Statistical inference

The renfe data contains information about 10 000 train ticket sales from Renfe, the Spanish national train company. The data include:

price: price of the ticket (in euros);
dest: binary variable indicating the journey, either Barcelona to Madrid (0) or Madrid to Barcelona (1);
fare: categorical variable indicating the ticket fare, one of AdultoIda, Promo or Flexible;
class: ticket class, either Preferente, Turista, TuristaPlus or TuristaSolo;
type: categorical variable indicating the type of train, either Alta Velocidad Española (AVE), Alta Velocidad Española jointly with TGV (parternship between SNCF and Renfe for trains to/from Toulouse and beyond) AVE-TGV or regional train REXPRESS; only trains labelled AVE or AVE-TGV are high-speed trains.
duration: length of train journey (in minutes);
wday integer denoting the week day, ranging from Sunday (1) to Saturday (7).

Exercise 1.1

We consider travel time for high-speed (AVE and AVE-TGV) trains. The true “population” mean travel time between cities is known to be \(\mu=2.845\) hours (the instructor has access to the full dataset of more than 2.3 millions records, so these are known quantities, unlike in most practical settings).

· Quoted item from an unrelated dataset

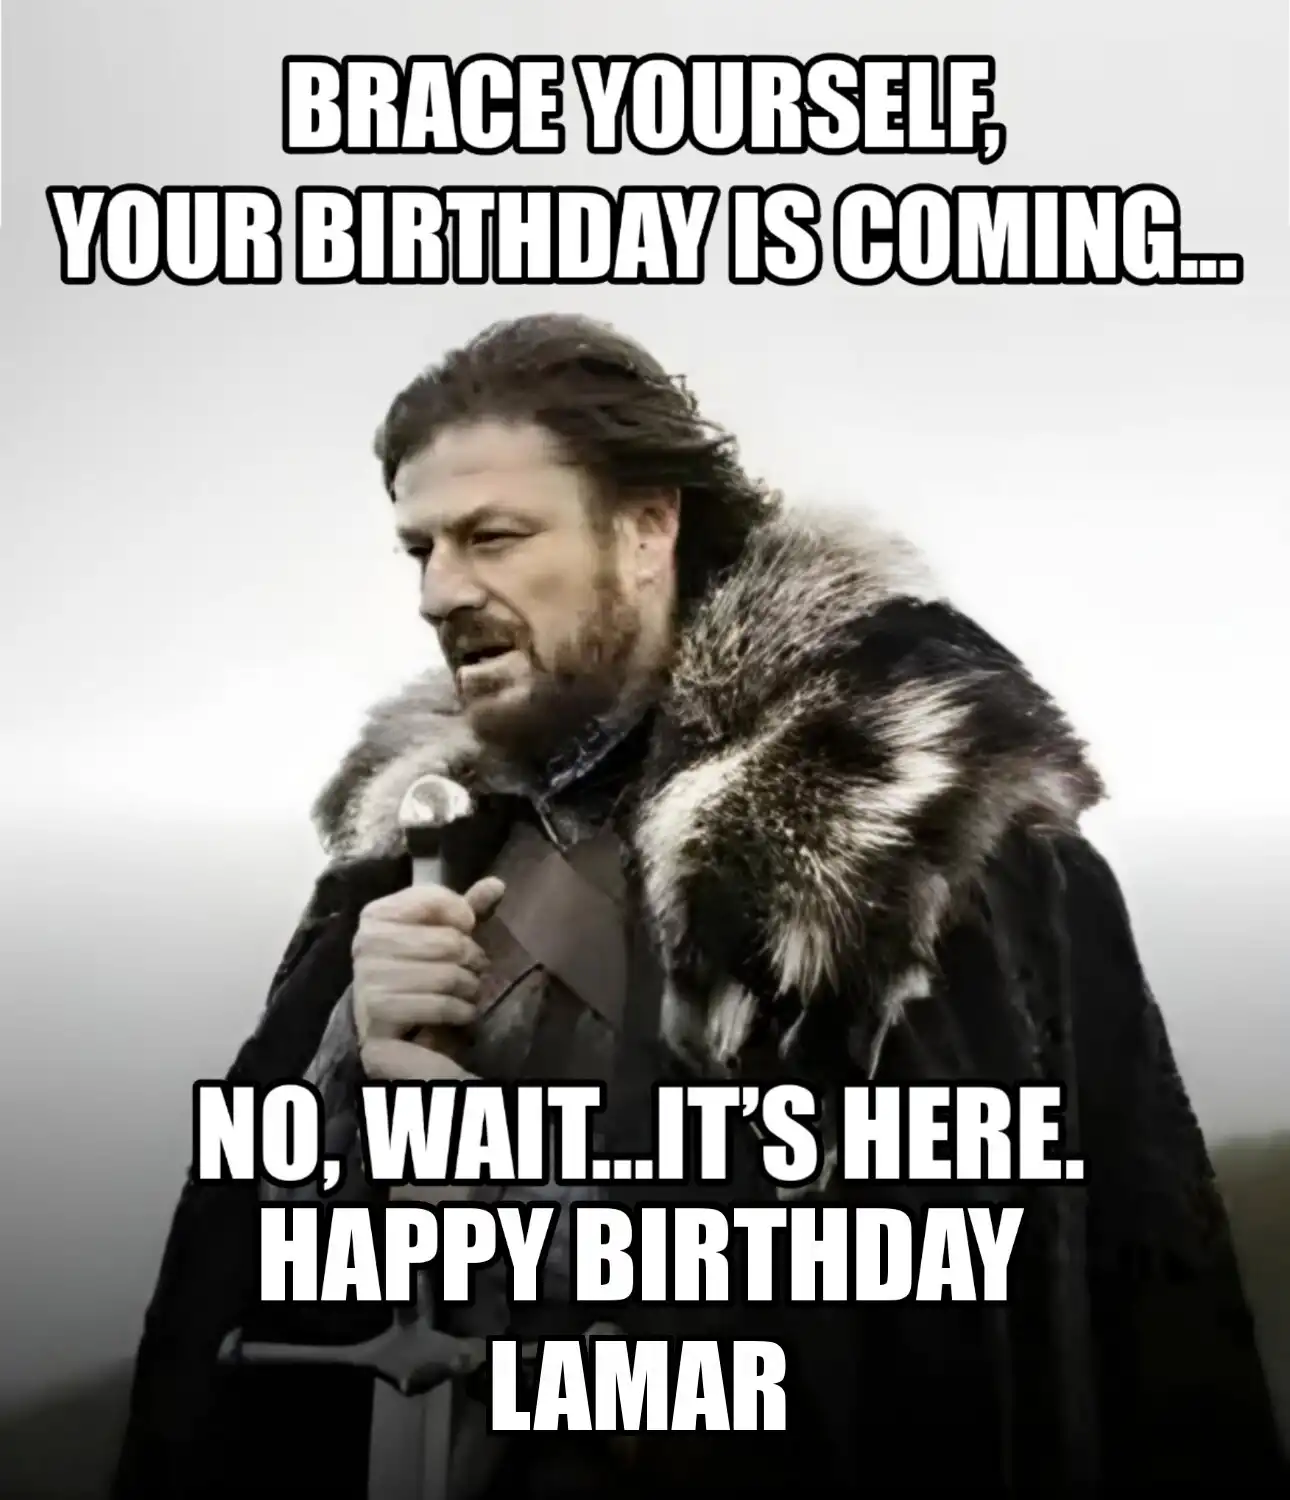 Happy Birthday Lamar Brace Yourself Your Birthday Is Coming Meme
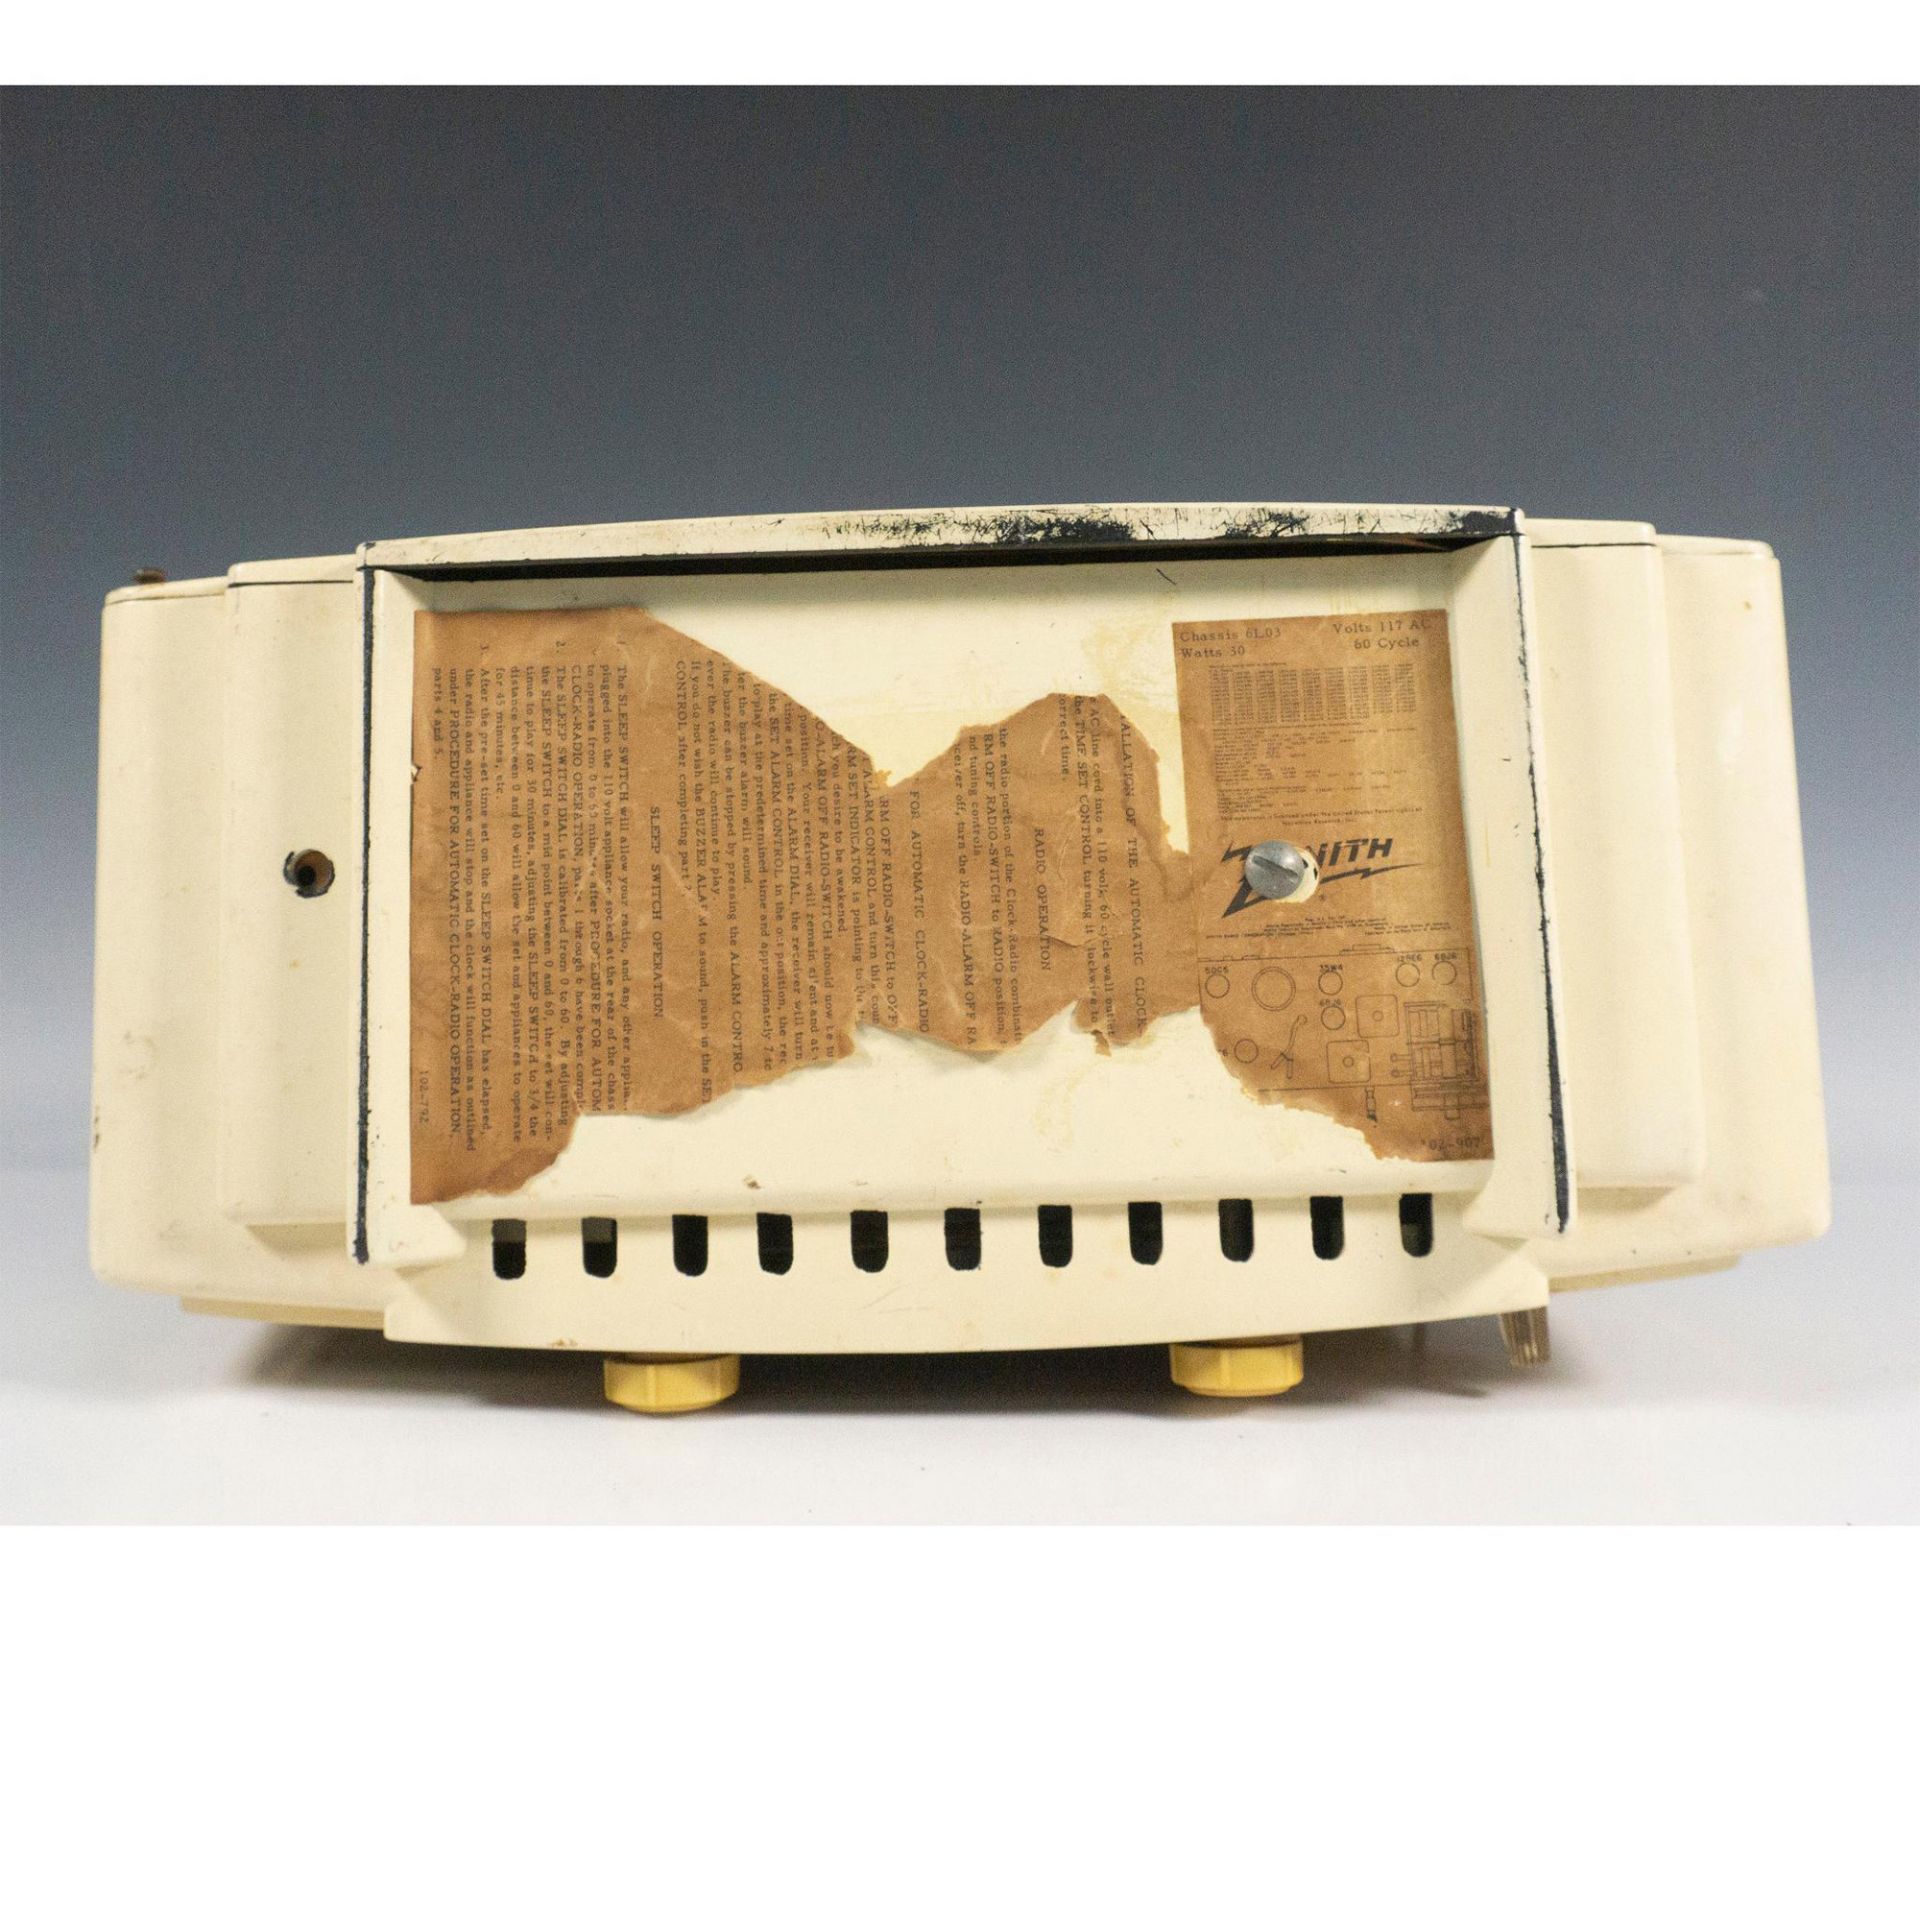 Vintage Zenith Model K622 Vacuum Tube Radio Alarm Clock - Image 4 of 4

A simulation study is performed to assess the behaviour of univariate tests under repeated sampling. The following algorithm was repeated 10K times for different values of \(\mu_0\):

Select a random subsample of size \(n=100\).
Compute the one-sample \(t\)-test statistic for \(\mathscr{H}_0: \mu=\mu_0\) (versus \(\mathscr{H}_0: \mu \neq \mu_0\)) .
Return the \(p\)-value

Figure 1 shows the percentage of the 10K \(p\)-values that are less than 0.05, i.e. the percentage of rejection (at the \(5\)% level) of \(\mathscr{H}_0:\mu=\mu_0\) against the two-sided alternative at \(\mu_0 \in \{2.83, \nu, 2.835, 2.84, \ldots, 2.995, 3\`\). Use the resulting curve to answer the following questions:

Figure 1: Power curve for the one-sample \(t\)-test based on subsamples of size \(n=100\), as a function of travel time. The grey horizontal line is at 0.05, the vertical dashed line indicates the population mean \(\mu\).

Explain why the value for the one-sample \(t\)-test around \(\mu=2.845\) should be approximately 0.05.
Explain why the values on the curve increase towards the right of the plot.
Suppose we repeated the simulation study, but this time with subsamples of size \(n=1000\). How would the points compare for the one-sample \(t\)-test: should they be higher, equal, or lower than their current values?
Is the assumption of the one-sample \(t\)-test valid in this example? Produce a quantile-quantile plot using the code below and hence comment on the robustness of the \(t\)-test to departures from the normality assumption.

Exercise 1.2

Suppose we now want to compare the mean fare for high-speed train tickets for the two destinations, i.e., Madrid to Barcelona versus Barcelona to Madrid. We run a simulation study where we perform a two-sided Welch test for this hypothesis repeatedly with random subsamples of size \(n=1000\). The data renfe_simu contains the mean difference (meandif), the test statistic (Wstat), the \(p\)-value (pval) and the confidence interval (cilb and ciub) for these 1000 repetitions. Based on the entire database, the true mean difference is known to be \(-0.28\)€. Use the simulated data to answer the following questions and briefly comment on each item

What is the empirical coverage of the 95% confidence intervals (i.e., the percentage of intervals covering the true mean difference value)?
Plot an histogram of the mean differences and superimpose the true mean difference in the population.
Compute the power of the test (percentage of rejection of the null hypothesis).

Exercise 1.3

Using the renfe data, test whether the average ticket price of AVE-TGV trains is different from that of Regio Express trains (REXPRESS). Make sure to

State your null and alternative hypothesis.
Carefully justify your choice of test statistic.
Report the estimated mean difference and a 90% confidence interval for that difference.
Conclude within the setting of the problem.